From 8abc9a862244c4f671489d82bb858707bcaacdab Mon Sep 17 00:00:00 2001
From: shadow <shadow>
Date: Thu, 23 Oct 2008 19:12:44 +0000
Subject: [PATCH] in rare cases, inode in catalog can have i_no less than have
 parent i_no, this produce wrong order for locking during open, and parallel
 unlink can be lock open. this need teach mds_open to grab locks in resouce id
 order, not at parent -> child order.

Branch b1_6
b=16492
i=johann
i=alex
---
 lustre/ChangeLog       |   9 ++++
 lustre/mds/mds_open.c  | 110 +++++++++++++++++++++++------------------
 lustre/mds/mds_reint.c |  19 ++++++-
 3 files changed, 88 insertions(+), 50 deletions(-)

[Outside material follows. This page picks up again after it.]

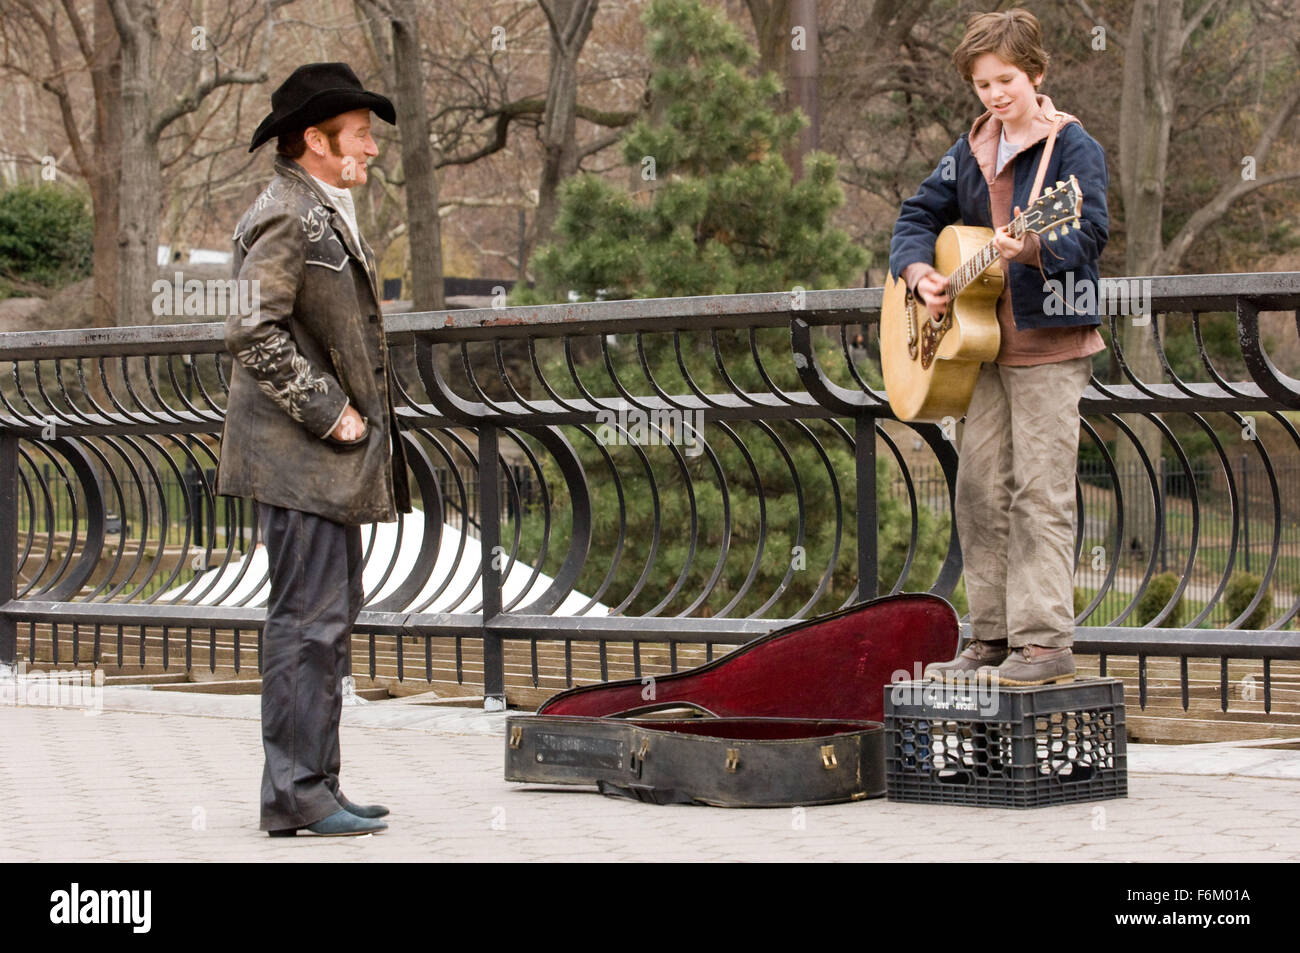 RELEASE DATE: Oct 21, 2007. MOVIE TITLE: August Rush. STUDIO: CJ Entertainment. PLOT: The story of a charismatic young Irish guitarist and a sheltered young cellist who have a chance encounter one magical night above New York's Washington Square, but are soon torn apart, leaving in their wake an infant, August Rush, orphaned by circumstance. Now performing on the streets of New York and cared for by a mysterious stranger, August uses his remarkable musical talent to seek the parents from whom he was separated at birth. PICTURED: ROBIN WILLIAMS as Maxwell 'Wizard' Wallace, FREDDIE HIGHMORE as E Stock Photo
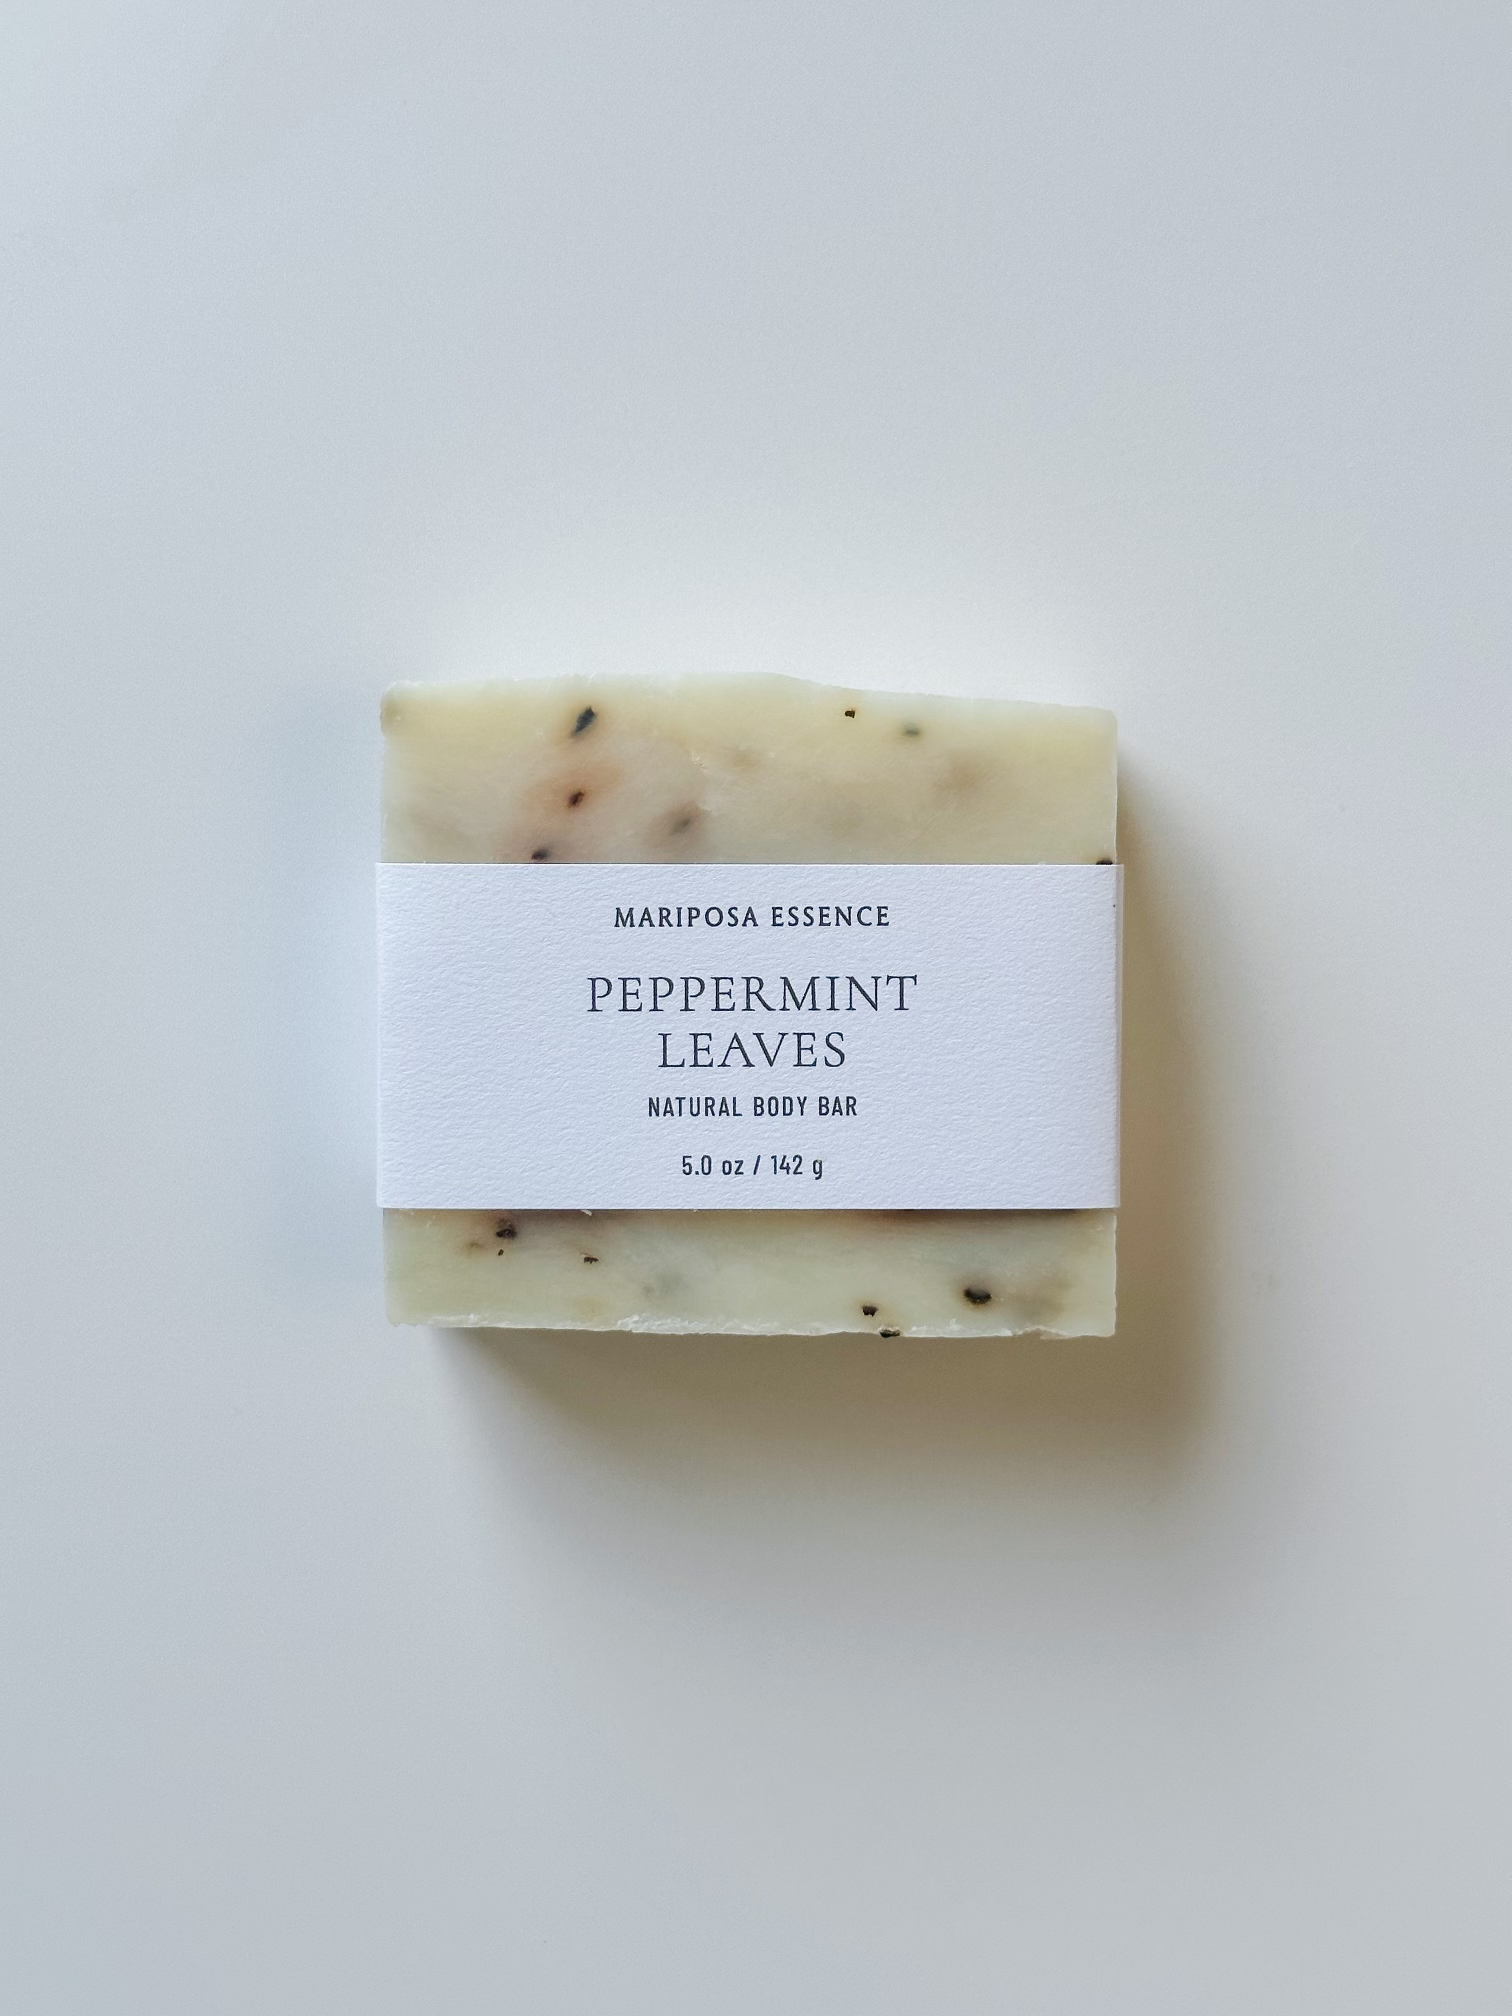 Peppermint Leaves body bar with crushed peppermint leaves

diff --git a/lustre/ChangeLog b/lustre/ChangeLog
index 63701475b8..ecce0d8cf6 100644
--- a/lustre/ChangeLog
+++ b/lustre/ChangeLog
@@ -40,6 +40,15 @@ tbd Sun Microsystems, Inc.
 	* File join has been disabled in this release, refer to Bugzilla
 	  16929.
 
+Severity   : major
+Frequency  : rare
+Bugzilla   : 16492
+Description: mds is deadlocked
+Details    : in rare cases, inode in catalog can have i_no less than have parent
+             i_no, this produce wrong order for locking during open, and parallel
+             unlink can be lock open. this need teach mds_open to grab locks in
+             resouce id order, not at parent -> child order.
+
 Severity   : enhancement
 Bugzilla   : 1819
 Description: Add /proc entry for import status
diff --git a/lustre/mds/mds_open.c b/lustre/mds/mds_open.c
index 8b4e3f11ca..10e2ef3218 100644
--- a/lustre/mds/mds_open.c
+++ b/lustre/mds/mds_open.c
@@ -929,10 +929,9 @@ int mds_open(struct mds_update_record *rec, int offset,
         int child_mode = LCK_CR;
         /* Always returning LOOKUP lock if open succesful to guard
            dentry on client. */
-        ldlm_policy_data_t policy = {.l_inodebits={MDS_INODELOCK_LOOKUP}};
-        struct ldlm_res_id child_res_id = { .name = {0}};
         int lock_flags = 0;
         int rec_pending = 0;
+        int use_parent, need_open_lock;
         unsigned int gid = current->fsgid;
         ENTRY;
 
@@ -1006,17 +1005,45 @@ int mds_open(struct mds_update_record *rec, int offset,
                 RETURN(-ENOMEM);
         }
 
-        /* Step 1: Find and lock the parent */
         if (rec->ur_flags & (MDS_OPEN_CREAT | MDS_OPEN_JOIN_FILE))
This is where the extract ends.